Disorganization and political infighting result in a design that is at once endearing and triumphant but also incomplete and dysfunctional. That is a very Dallas story.

This history of dysfunctionality continues to overshadow Fair Park, which is trying to find new life through a plan advanced by the mayor to privatize its operations, while attempting to learn how to be more of a park and more fair:

But opposition is understandable, and not just for the astronomical cost projections associated with the plan, nearly half a billion dollars in total and millions annually from the city treasury. The surrounding African-American community of South Dallas can track a long and ugly relationship to the park and to the State Fair that has been its longtime chief occupant: segregated admission times, the callous demolition of the Hall of Negro Life, removal of cultural facilities to other parts of the city, eminent domain acquisition of local property, keep-out fencing that tells the neighborhood it’s not welcome.
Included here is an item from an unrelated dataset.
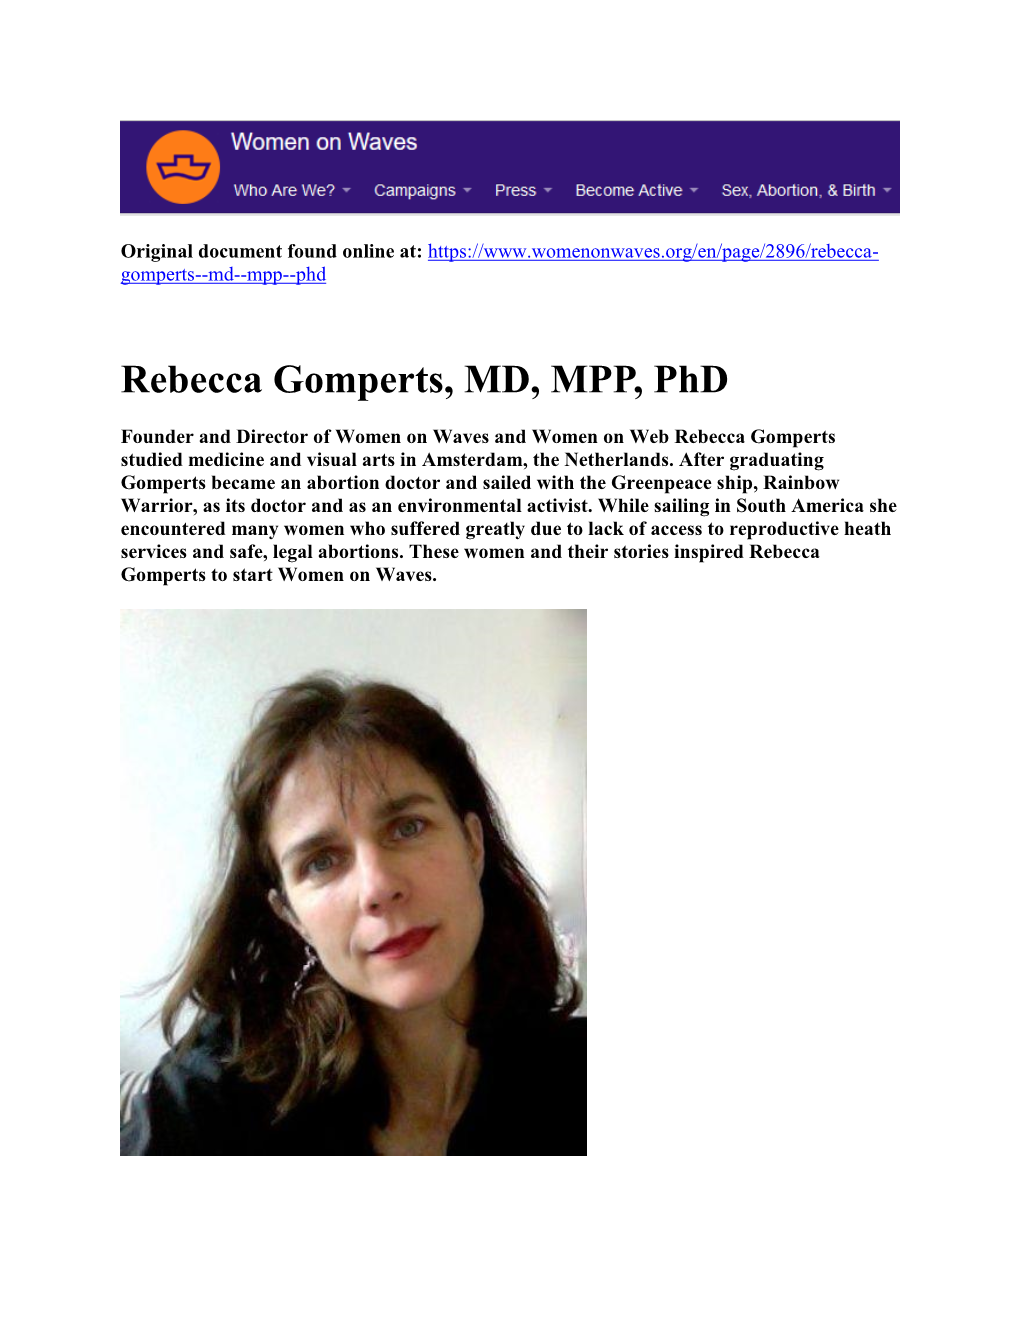 Rebecca Gomperts, MD, MPP, Phd

Lamster gets at one of the more confounding aspects of Dallas’ character, that is, the way in which perfectly reasonable approaches to managing cities that work elsewhere don’t translate easily to Dallas. For example, there is no shortage of great parks — from Central Park in New York to Buffalo Bayou Park in Houston — managed by private entities. So why is there so much distrust over the Fair Park plan? It has everything to do with the indelible mark left by Dallas’ particular political history.

Lamster drives home this point with a quote from a Dallas Morning News article from 1941:

“It is paradoxical that the most heavily patronized park in Texas is the least understood and appreciated.”

Dallas, the city continually convinced it is on the verge of realizing its predestined greatness, never does seem to change.